- _The data_
——

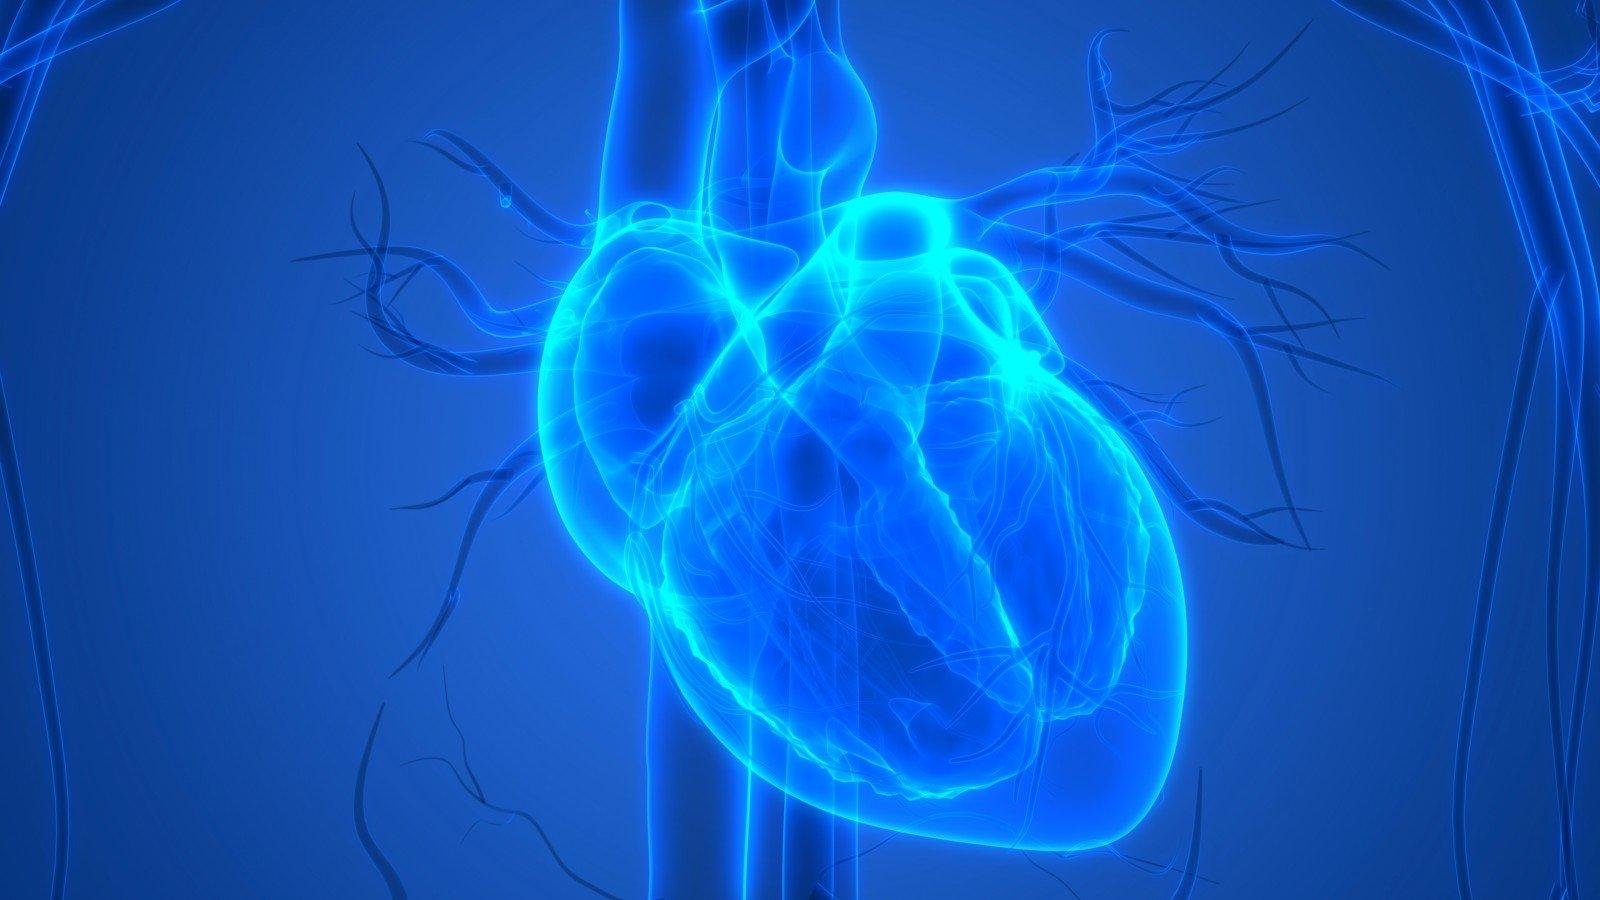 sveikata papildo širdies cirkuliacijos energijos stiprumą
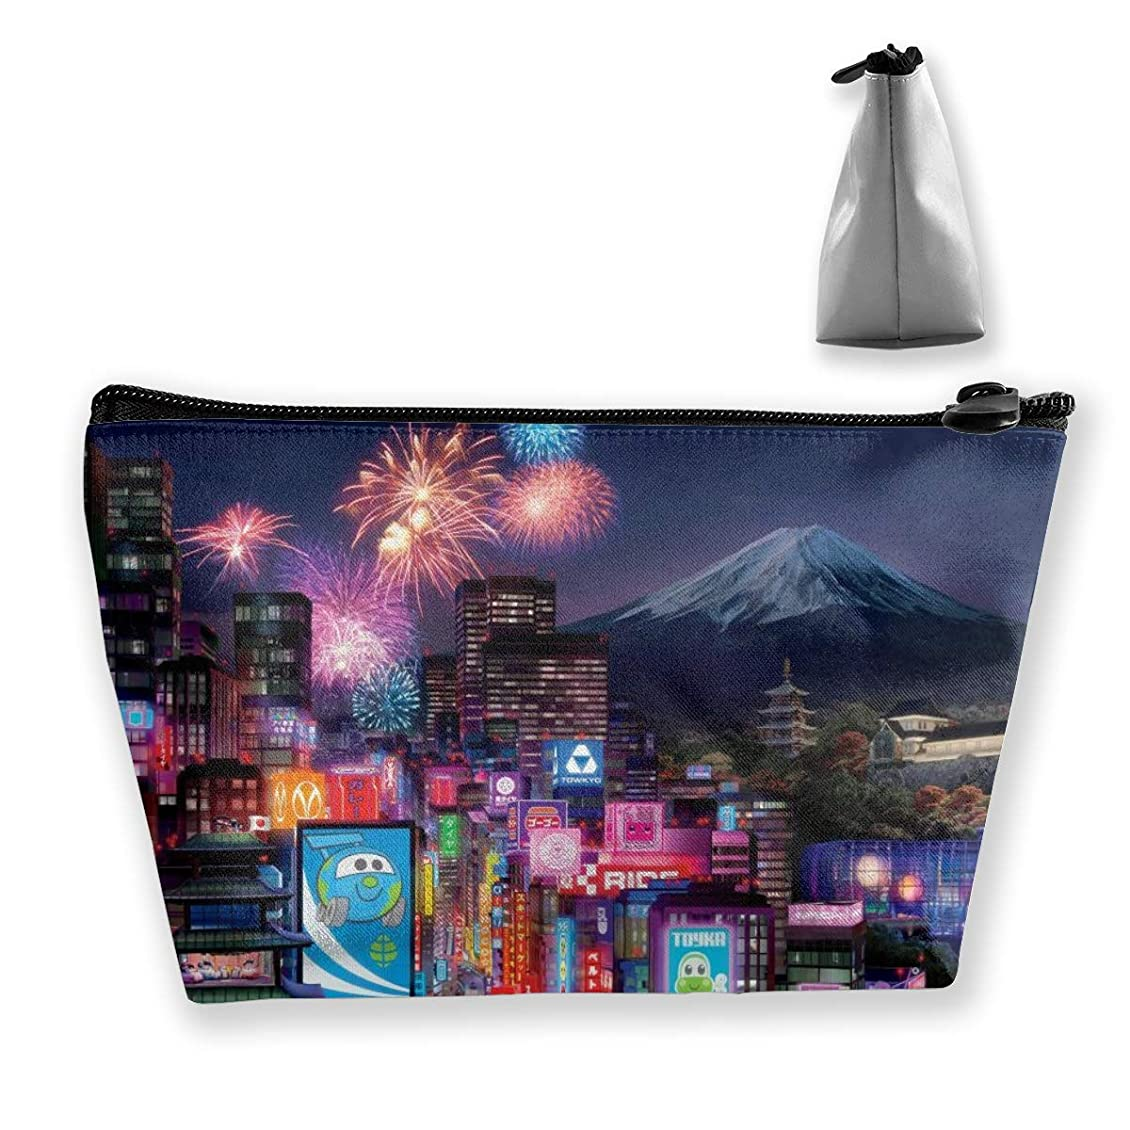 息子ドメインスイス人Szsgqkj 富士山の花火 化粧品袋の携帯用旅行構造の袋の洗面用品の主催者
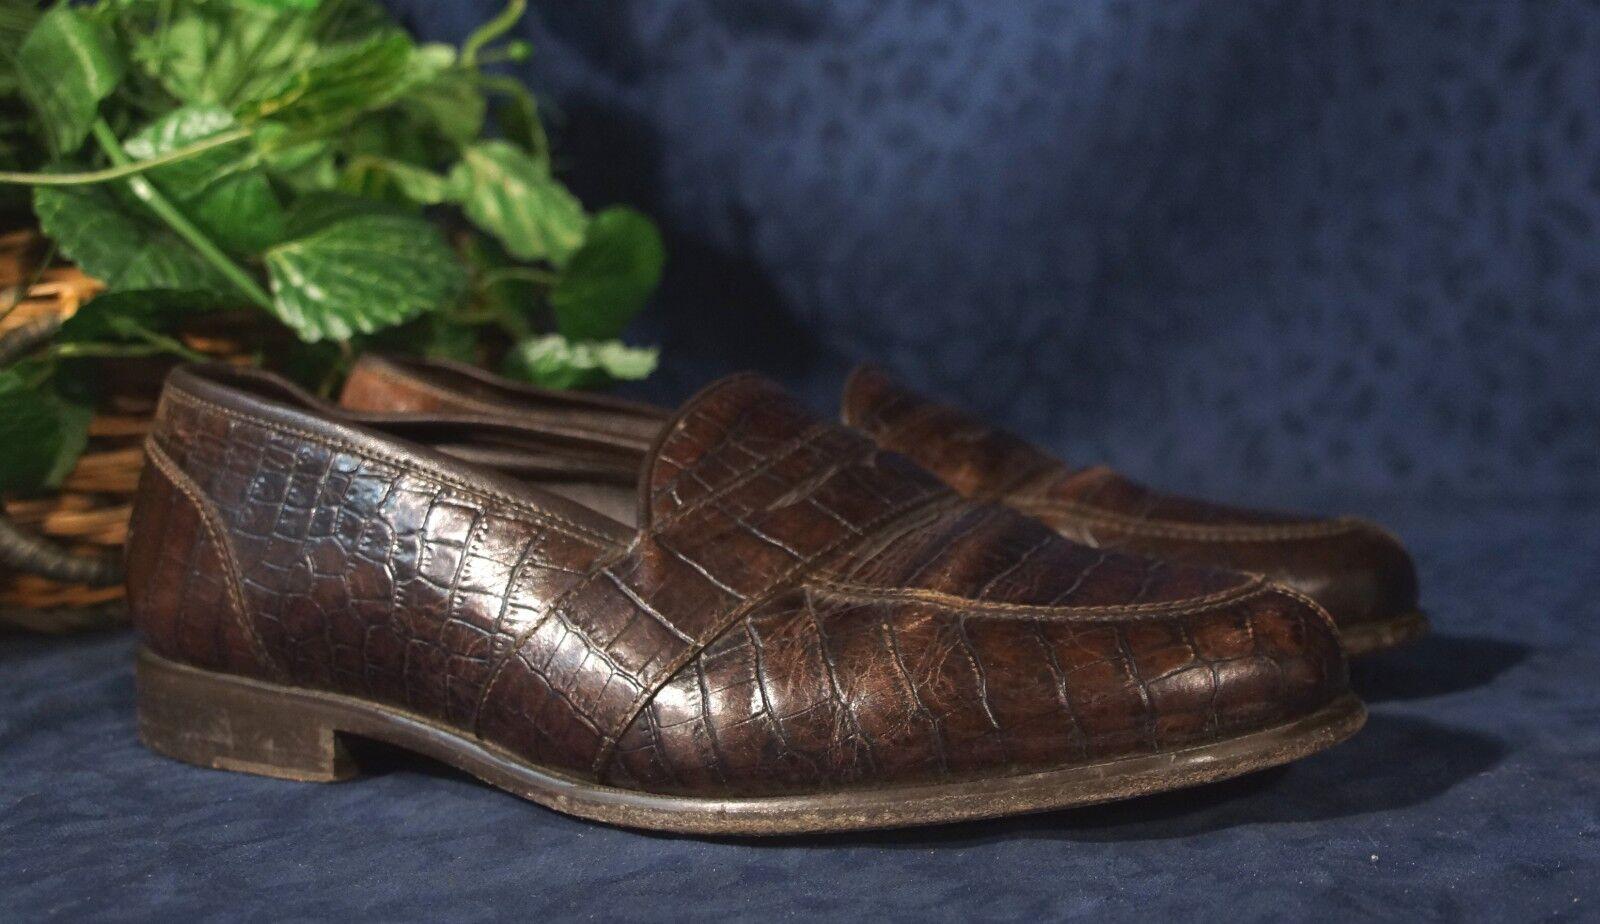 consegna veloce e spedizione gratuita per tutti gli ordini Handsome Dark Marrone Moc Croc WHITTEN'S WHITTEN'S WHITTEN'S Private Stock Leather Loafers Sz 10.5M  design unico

——

- _Brief_
Could you copy the listing above exactly, without its pictures?

- _Exercise output_
 sveikata papildo širdies cirkuliacijos energijos stiprumą
 息子ドメインスイス人Szsgqkj 富士山の花火 化粧品袋の携帯用旅行構造の袋の洗面用品の主催者
 consegna veloce e spedizione gratuita per tutti gli ordini Handsome Dark Marrone Moc Croc WHITTEN'S WHITTEN'S WHITTEN'S Private Stock Leather Loafers Sz 10.5M  design unico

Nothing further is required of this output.